Mengutip analisis JP Morgan, Edi menilai tren harga emas masih akan terus menguat. Tahun depan, harga emas diperkirakan bisa mencapai rekor baru hingga 4.000 dolar AS per troy ounce. “Apalagi, pemerintah Amerika Serikat baru saja menetapkan emas sebagai Aset Tier I. Ini akan mendorong peningkatan permintaan dari sektor perbankan,” ujar Edi yang juga merupakan Tenaga Profesional (Taprof) Bidang Sumber Kekayaan Alam (SKA) Lemhannas.

Dalam situasi geopolitik dan ekonomi global yang tidak menentu, emas menjadi komoditas yang paling diburu. Permintaan yang tinggi, namun tak diimbangi dengan pasokan yang cukup, membuat harga terus naik. “Selama beberapa tahun terakhir, ketidakseimbangan antara permintaan dan pasokan inilah yang mengerek harga emas,” ucap Edi.

Untuk Indonesia, Edi menilai langkah strategis pemerintah dalam membentuk Bullion Bank serta peningkatan produksi nasional dari dua smelter milik PT Freeport Indonesia dan PT Amman Mineral Internasional Tbk (AMMAN) akan memperkuat posisi emas nasional.

“Kondisi ini bisa dimanfaatkan oleh pelaku usaha dan pemerintah untuk meningkatkan pendapatan negara,” ujarnya. Namun, ia mengingatkan agar kondisi pasar yang positif ini juga dibarengi perhatian serius terhadap aspek lingkungan, sosial, dan tata kelola (environmental, social, and governance atau ESG), serta kegiatan eksplorasi.

“Dengan harga emas yang tinggi, perusahaan harus lebih peduli terhadap aspek ESG, termasuk pemberdayaan masyarakat dan pengelolaan lingkungan. ESG kini menjadi kunci menuju pertambangan yang berkelanjutan,” jelasnya.

Edi juga menekankan pentingnya eksplorasi bagi kelangsungan industri tambang. “Kita tidak bisa bicara tambang tanpa eksplorasi. Itu adalah nadi industri ini. Di saat harga menguntungkan, perusahaan harus mengalokasikan dana lebih besar untuk eksplorasi,” katanya.

Eksplorasi, menurut Edi, penting untuk menambah sumber daya dan mengubah statusnya menjadi cadangan. Ia mengingatkan, perusahaan tidak boleh hanya fokus pada produksi dan melupakan eksplorasi karena hal itu menentukan umur tambang.

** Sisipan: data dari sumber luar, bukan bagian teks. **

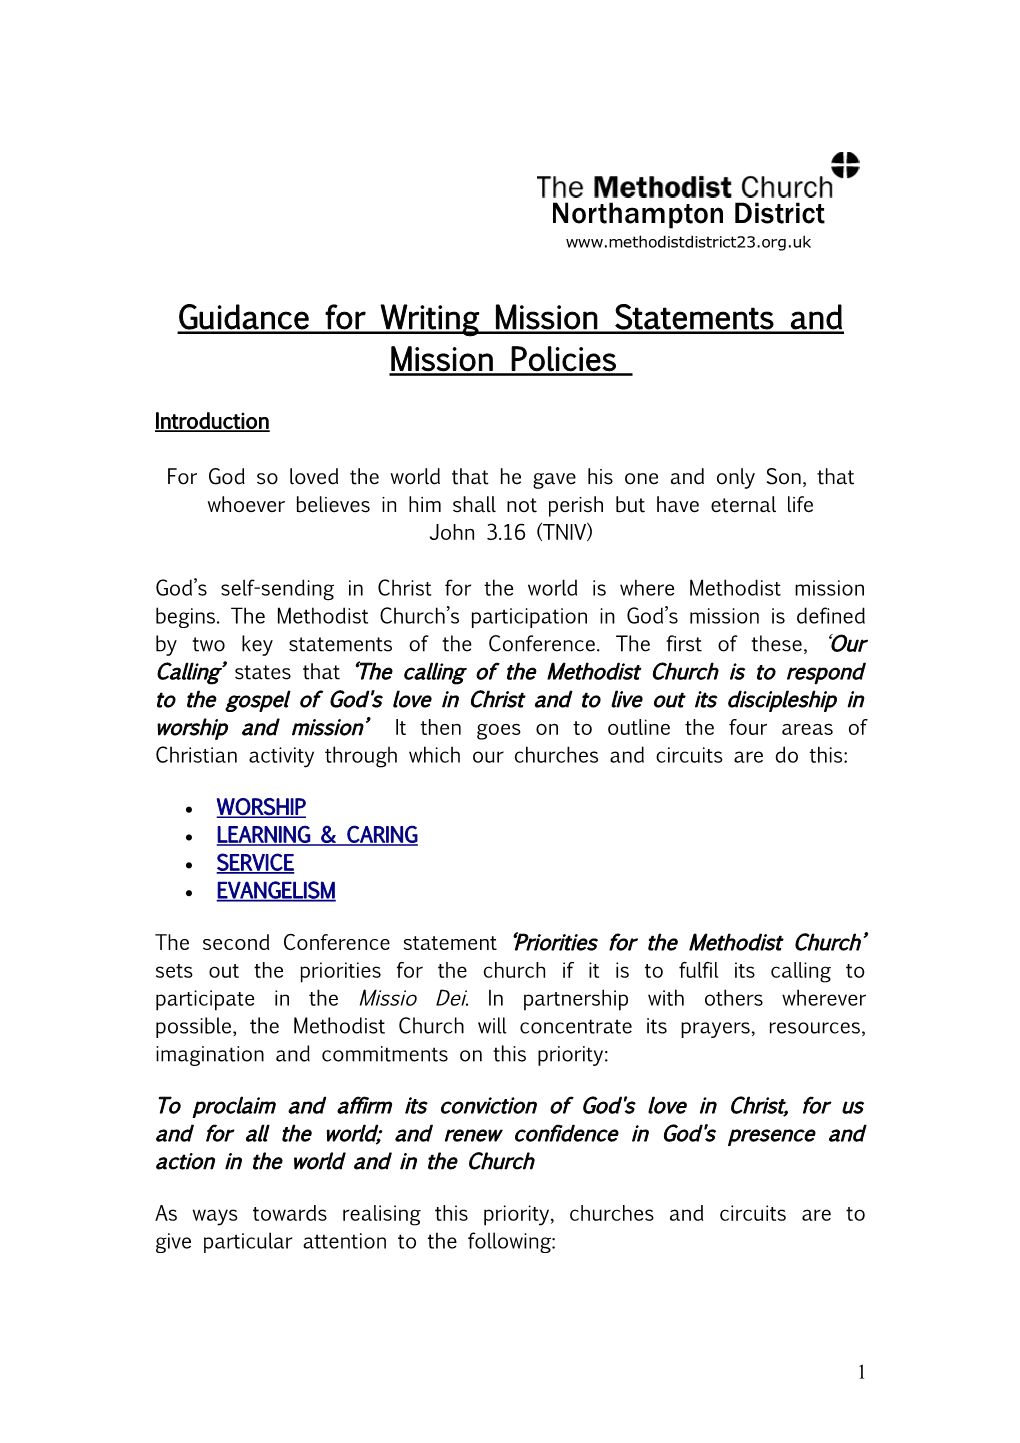 Guidance for Writing Mission Statements and Mission Policies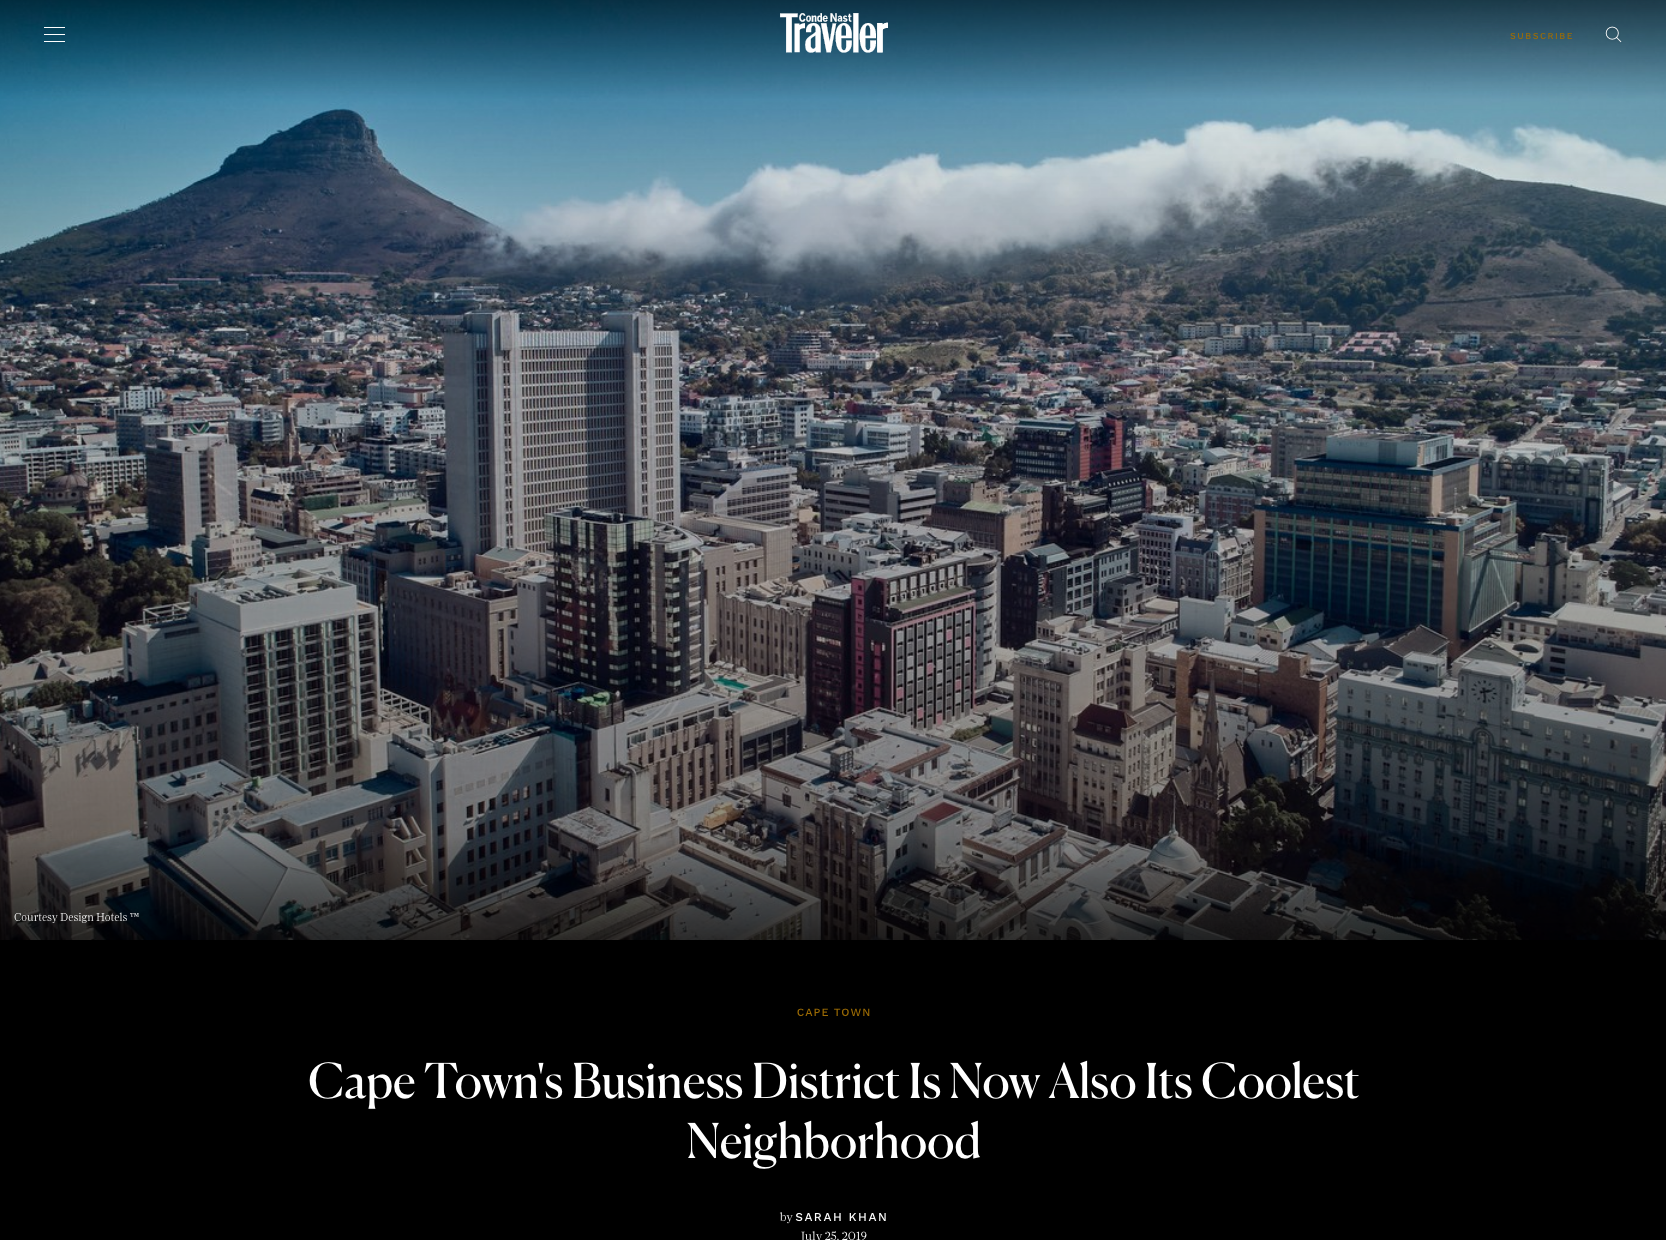 Condé Nast Traveler: Cape Town’s Business District Is Now Also Its Coolest Neighborhood

Sebagai informasi, PT J Resources Asia Pasifik memproduksi emas sebesar 94 ribu ons (koz) pada 2023 dan meningkat menjadi 101 koz pada 2024. Saat ini, perusahaan mengoperasikan dua tambang, yakni PT J Resources Bolaang Mongondow (JRBM) dan tambang emas Penjom di Malaysia. Satu proyek lain, tambang Doup yang dikelola PT Arafura Surya Alam (ASA), tengah dalam tahap konstruksi.